Триумф Цезаря (25.07.2012)
Андреа Мантенья последние годы своей жизни писал «Триумфы Цезаря» — наряду с капеллой Микеланджело и «Вечерей» Леонардо, этот полиптих — главное произведение итальянского Возрождения.
«Триумфы» — это девять огромных холстов, каждый около трех метров длиной. На каждом из холстов изображен фрагмент шествия: перед нами проходят рабы, воины, пленники, кони, слоны. Изображен неостановимый поток людей, поток людей движется справа налево — они несут штандарты, драгоценности, оружие, утварь. Это символ силы и славы государства и цивилизации. Античный триумф — это традиционная процессия из рабов и воинов, несущих трофеи и дань; триумф — это апогей государственного торжества после победы над врагом. Все вместе девять холстов образуют гигантский фриз — наподобие фризов Фидия в Парфеноне. Название «Триумфы Цезаря» не поддается дальнейшей расшифровке — неясно, какой из конкретных триумфов изображен, наиболее точная отсылка к процессии, изображенной Фидием на барельефном фризе Парфенона. Скорее всего, это парафраз барельефа с южной стены Парфенона: ведут жертвенных животных, шагают пленники, впереди играют музыканты. Желание в живописи создать скульптуру, подчеркнуто тем, что Мантенья эскизы выполнял в монохромной технике гризайли, как бы изображая не людей, но шагающие статуи. Это такой триумф триумфов: они не живые люди — а памятники победе. Триумф цивилизации в целом.
Мантенья писал эти девять холстов долго, почти десять лет. Непонятно, зачем великий старик истратил последние годы на то, чтобы изобразить такую, в сущности, пустую сцену. Прежде писал Распятия и Святого Себастьяна, Мертвого Христа и Сретенье — но зачем истратить последние годы, время завещаний и важнейших слов — на изображение суеты? Изображен парад, демонстрация мощи и спеси. Нарисованы люди, которые не в силах обособить свое существование — всех влечет общее движение в строю, им уже не вырваться из парада суеты.
Если смысл в том, чтобы показать суету триумфа, то это очень небольшой смысл: и одного холста хватило бы.
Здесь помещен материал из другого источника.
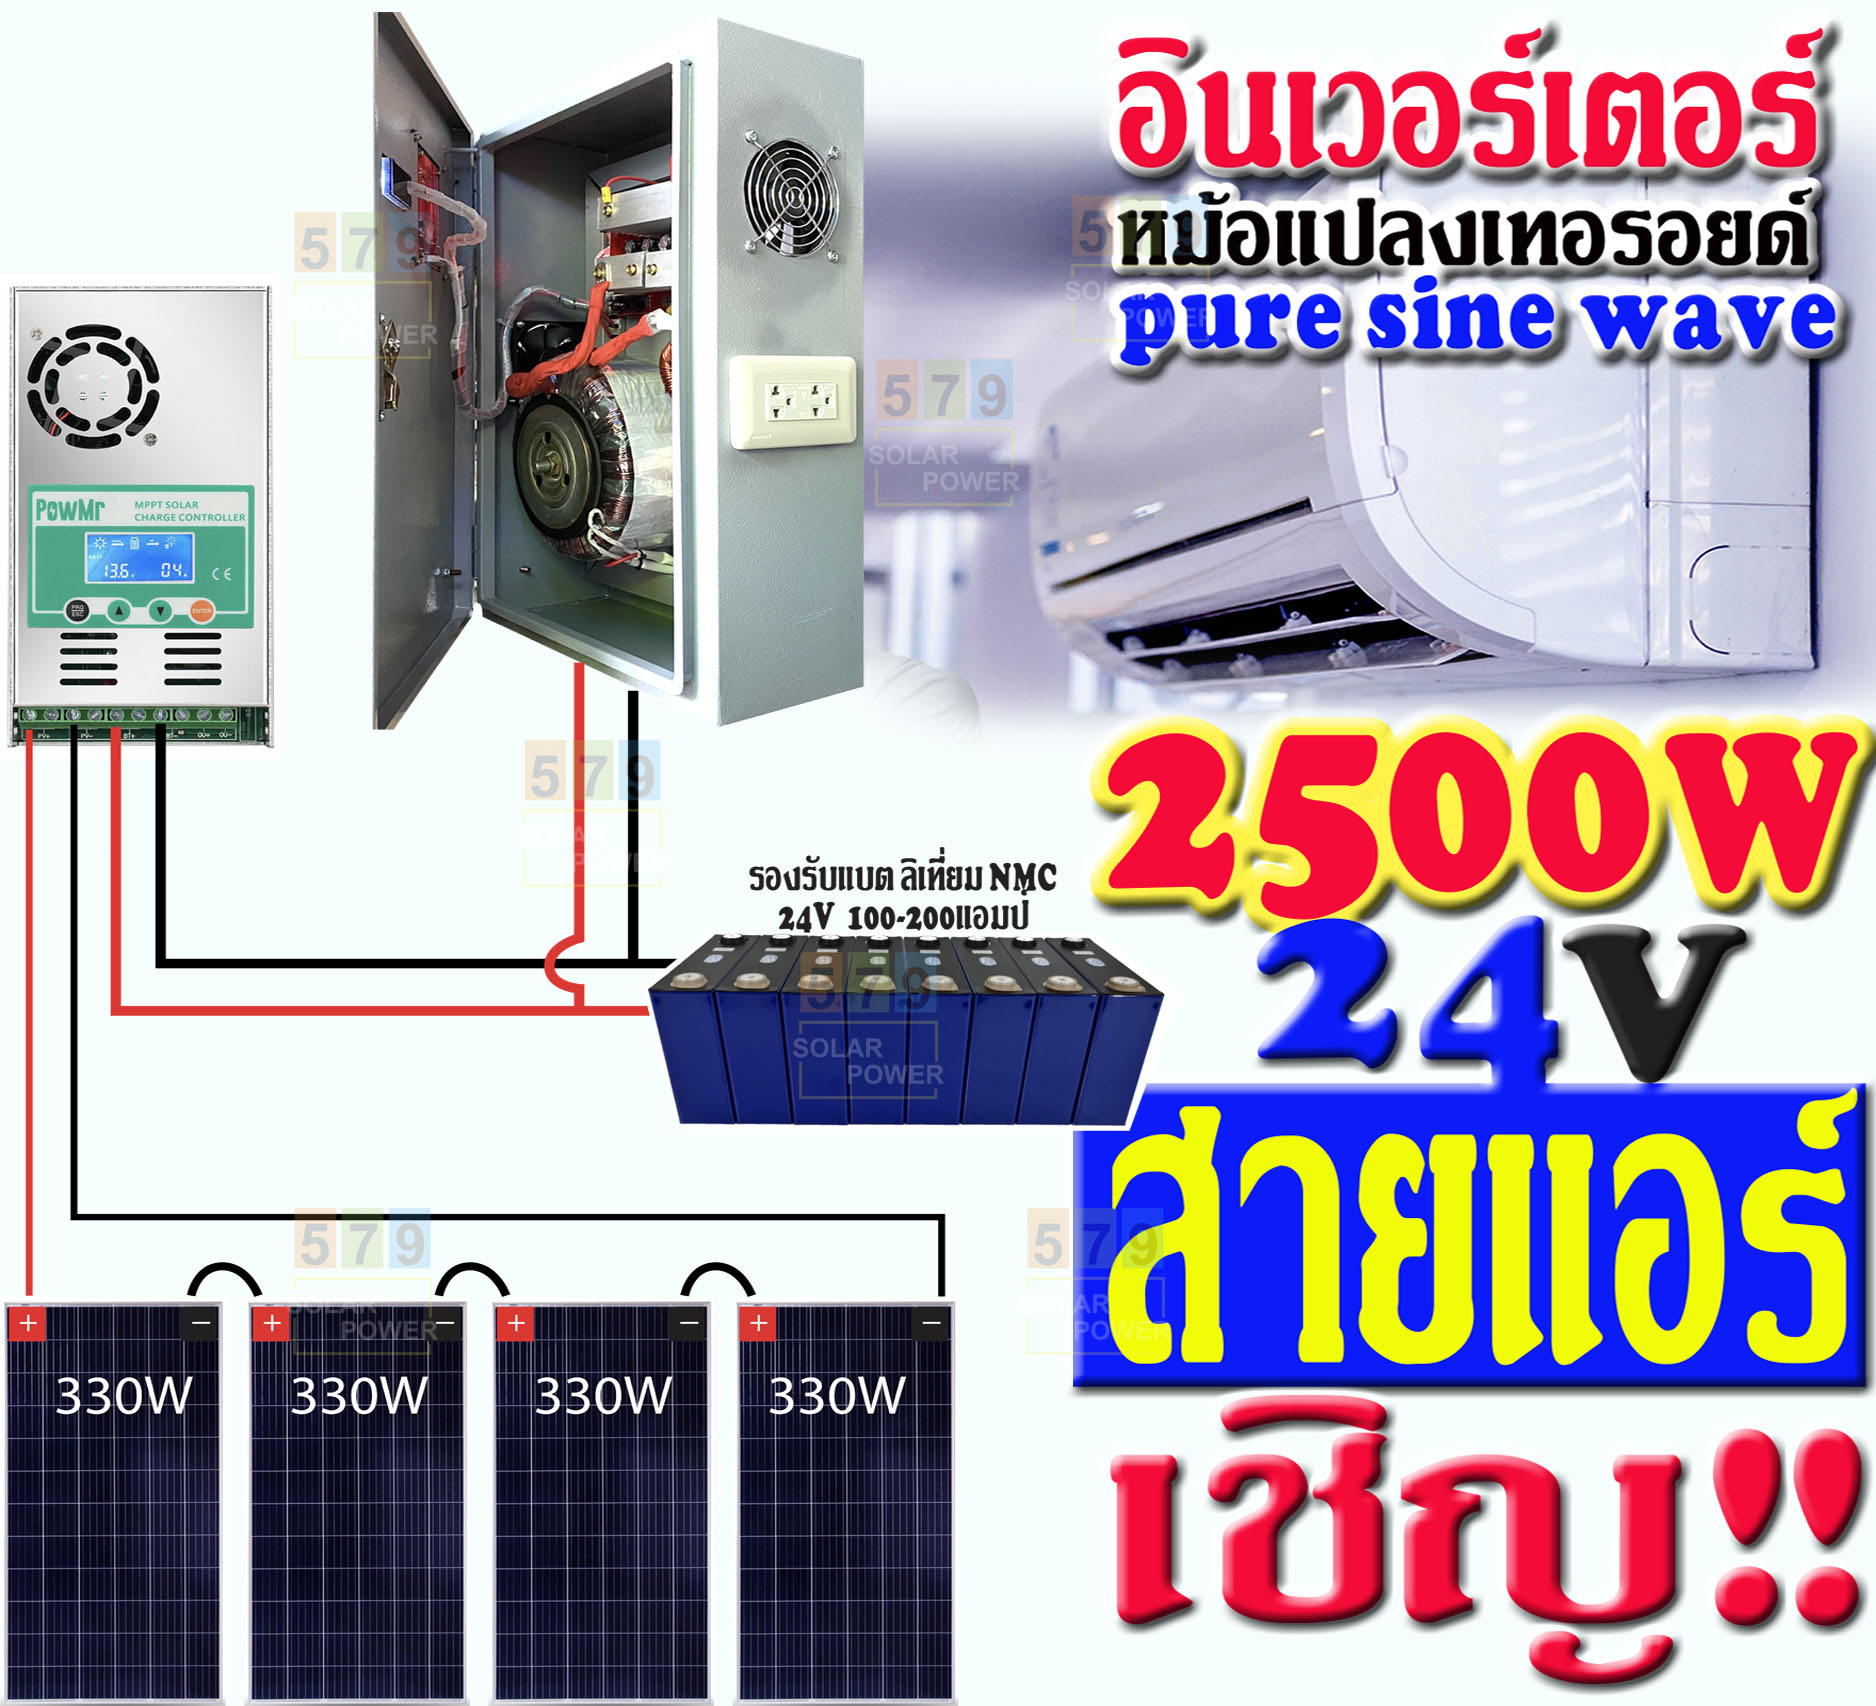 อินเวอร์เตอร์เพียวซาย หม้อแปลงเทอรอยด์ 2400W 24V   เพียวไซน์เวฟ ล้าน%  วัตต์เต็มๆ แรงๆ  รุ่นใหม่ล่าสุด  ประกอบไทย ประกันศูนย์ไทย

А десяти лет на такое послание — истратить жалко.
То есть сегодня это нормально: сегодня принято тратить жизнь на то, чтобы славить суету, но для Мантеньи это было нетипично.
Вообразите, что великий художник, мудрый человек (знаток латыни и древних текстов) тратит годы на тщеславную картину (или на разоблачение тщеславия, что одно и то же) — ему что, времени не жалко? Кстати, это единственная картина Ренессанса, которая написана не на заказ — художник писал вопреки воле семейства Гонзаго, при дворе которых жил. Писал он по своему желанию, он, очевидно, хотел сказать нечто важное.